Area labels: area:param-estimation.
Tackle batch: P3 - documented-mode crashes and tooling breakages.
The source review confirmed that the cited code path and failure mode are still present. The original audit details are preserved below for reproduction notes and suggested fixes.
Original audit details
Severity: High · Part of #67 (round-2 audit batch)

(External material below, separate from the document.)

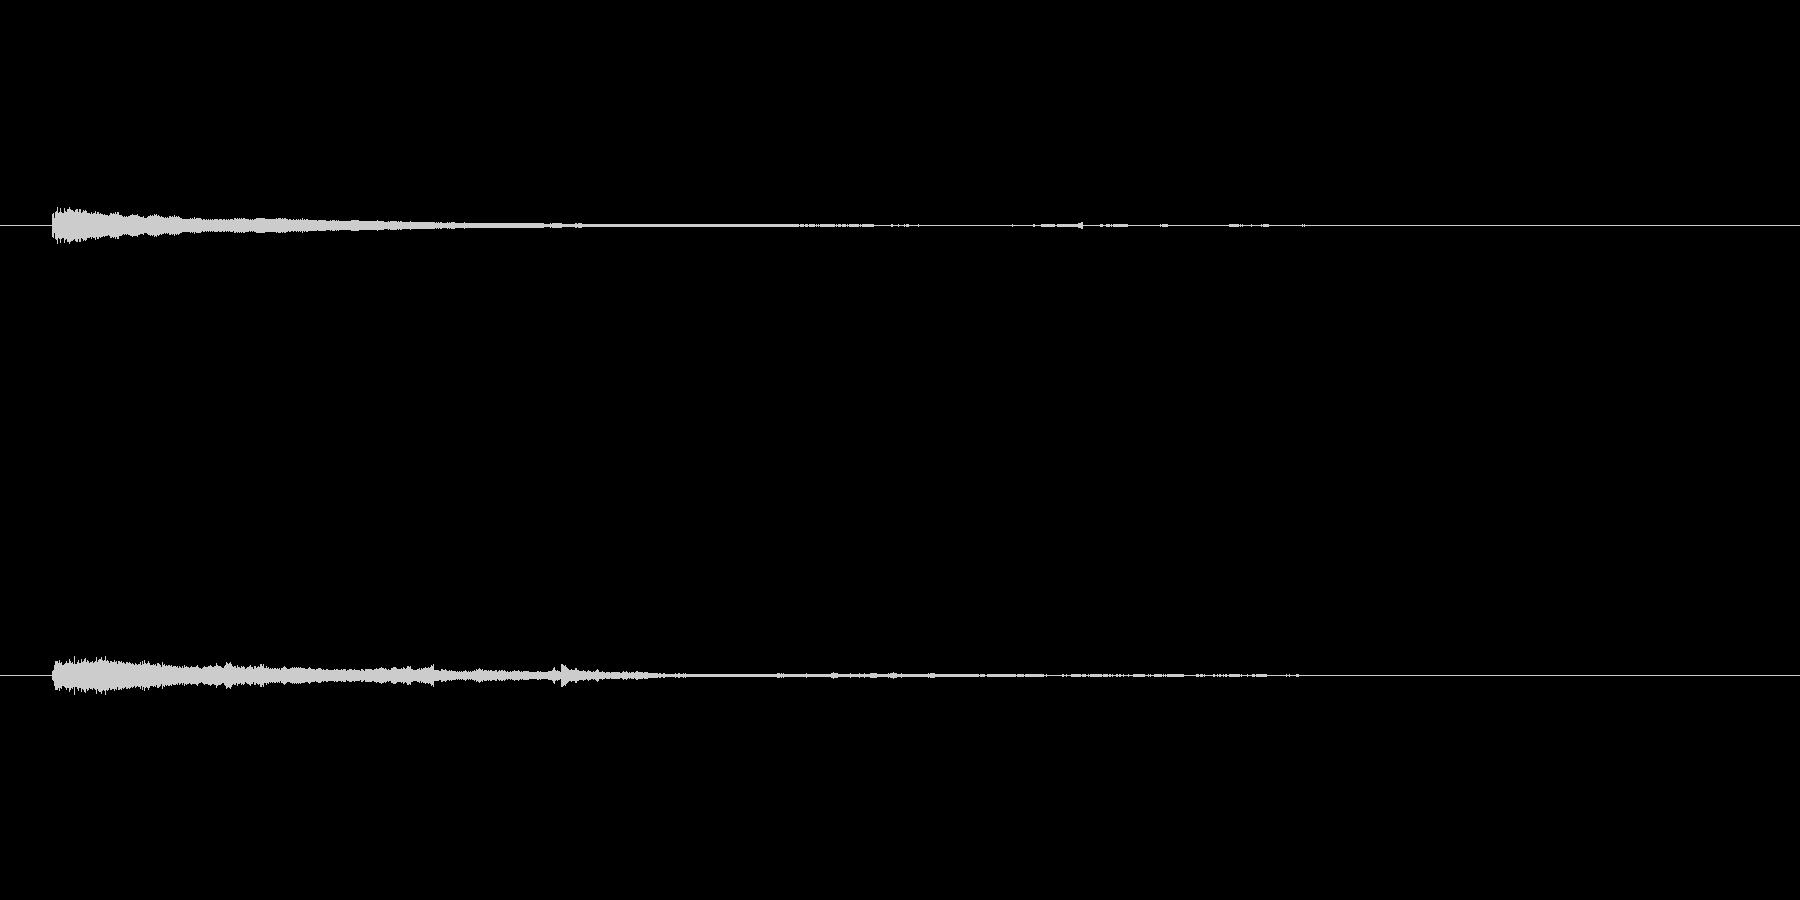 シンセコードによるサウンドロゴ3の未再生の波形

Both defects are in PharmaPy/ParamEstim.py within the single get_gradient method (and its helper func_aux). They share the gradient-assembly subsystem and the reconstruct_params / residual-ordering / weighting machinery, and would be fixed and tested together in one parameter-estimation-correctness PR. They are distinct mechanisms (finite-difference indexing with optimize_flags vs IPOPT residual ordering+weighting) but tightly co-located and both must be corrected for fixed-parameter / multi-state / weighted fits to work.
This issue bundles 2 defects that share one fix/PR.
1. (High) Numerical-Jacobian branch crashes / feeds wrong params when optimize_flags fixes any parameter
Location:PharmaPy/ParamEstim.py:544-547 (with func_aux at 455-458; helper jac_module.py:105-111)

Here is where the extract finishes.